Sahara: Germany reaffirms clear backing to Morocco’s Autonomy Plan

Sahara: Germany reaffirms clear backing to Morocco’s Autonomy Plan

The government of Germany has reaffirmed its strong backing to the autonomy plan offered by Morocco for a lasting resolution of the Sahara regional conflict.

The German supportive stand comes in a joint statement released following the meeting held Thursday in Rabat between Moroccan foreign minister Nasser Bourita and German peer Annalena Baerbock, who is on a working visit to the North African Kingdom. This is the first in-person meeting between the two countries top diplomats after settling their diplomatic spat over the Sahara.

Berlin deems “the autonomy plan, presented in 2007, as a serious and credible effort by Morocco and as a good basis for reaching a solution accepted by the parties’’, underlined the joint statement.

The German FM reiterated her country’s long-standing support for the UN-led process engaged to reach a realistic, pragmatic, sustainable and mutually acceptable political solution to the Sahara issue.

In their joint statement, Bourita and Baerbock insisted on the UN exclusive role in handling the Sahara issue and reaffirmed their support for UN Security Council Resolution 2602, which stressed the role and responsibility of the parties in finding a realistic, pragmatic and enduring political solution.

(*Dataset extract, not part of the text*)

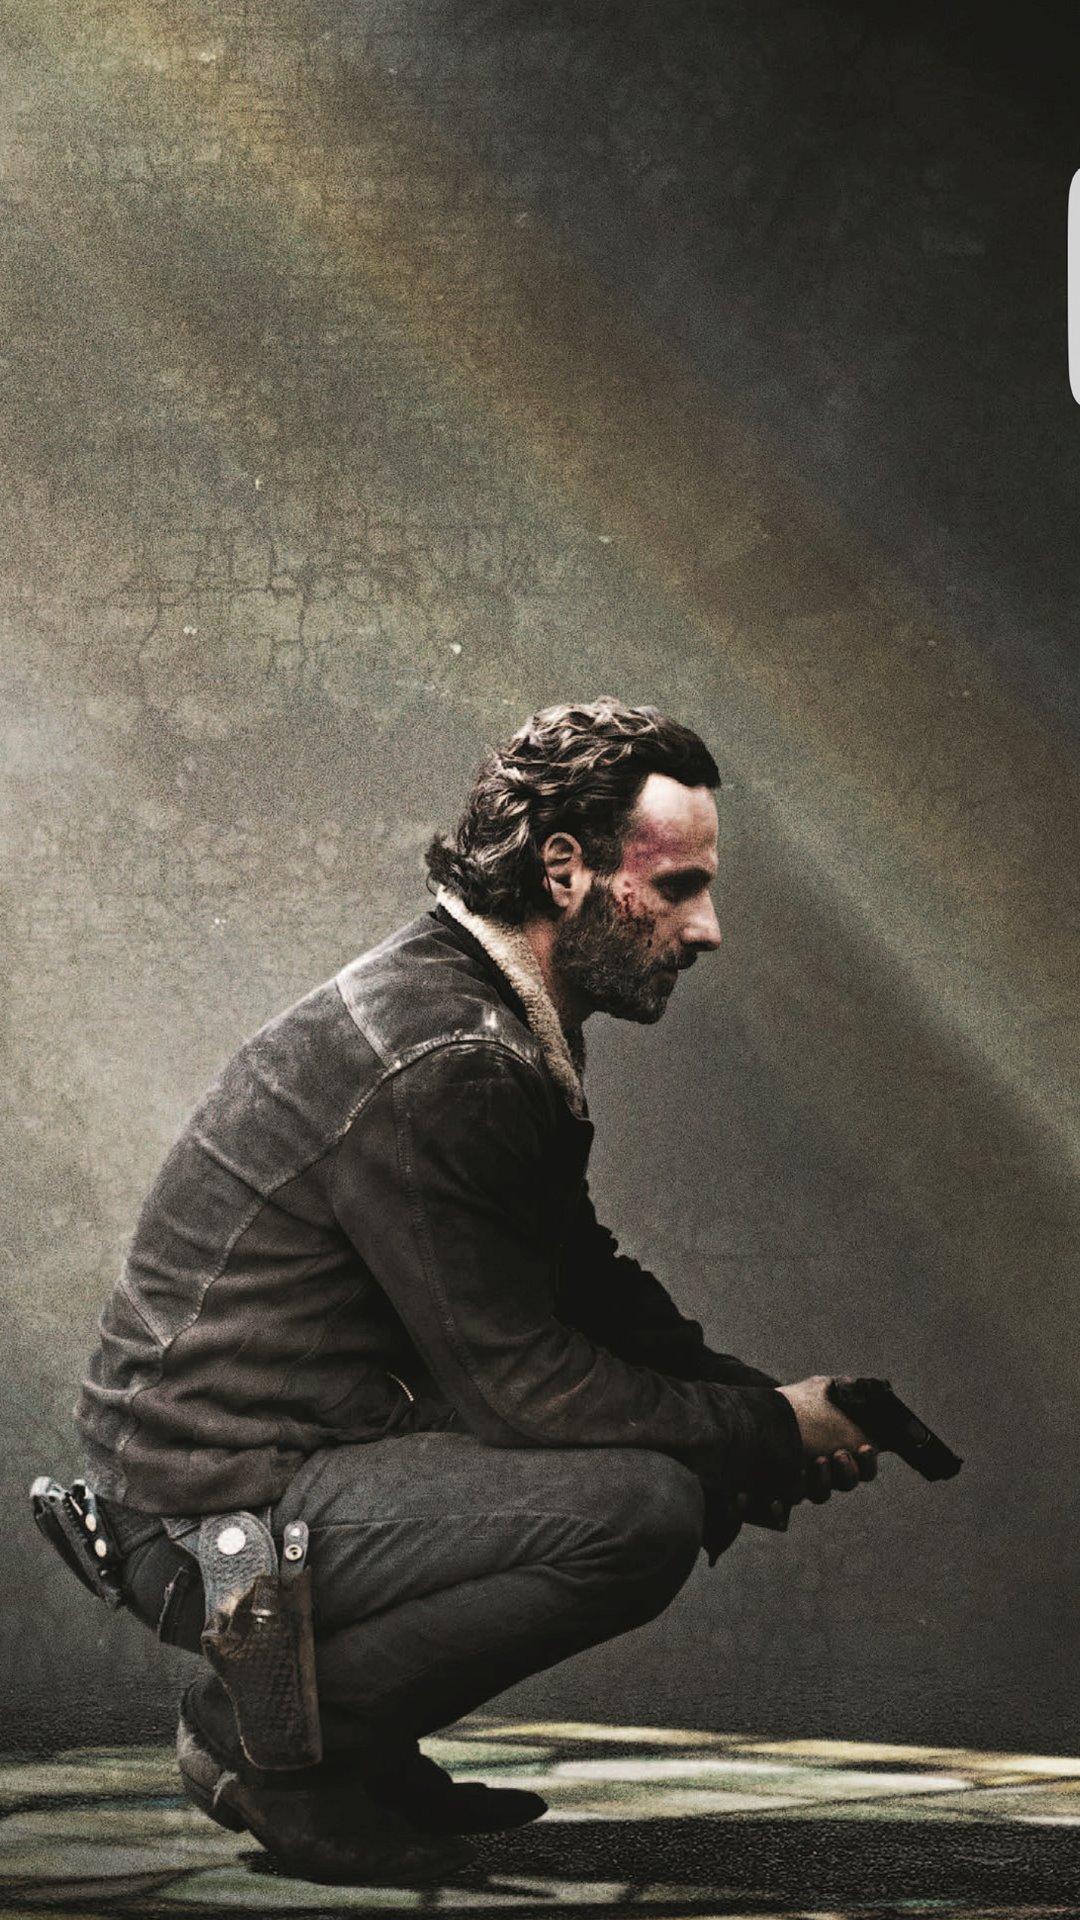 The Walking Dead iPhone 6 Plus Wallpaper (1080x1920)

Morocco and Germany also welcomed the appointment of UN Sahara Envoy, Staffan de Mistura, and reaffirmed their full support for his efforts to advance the political process on the basis of the relevant UN Security Council resolutions. They also reiterated their support for MINURSO.

Prior to her trip to Rabat, the German FM issued a statement describing Morocco as Europe’s closest neighbor to the south, which is perfectly placed to become an important strategic pillar in the European energy transition.

“The country has been working closely with Germany on developing renewables for more than a decade. However, even looking beyond this, the potential for increased economic cooperation and person-to-person contact is huge’’, said Mrs. Baerbock.

In recent months, “we have worked hard to build a shared foundation for a forward-looking partnership. Many new cooperation blueprints have been developed and many projects that were successful in the past have been re-launched. With my visit today, we now want to open this new chapter in our bilateral relations together’’, said the German top diplomat.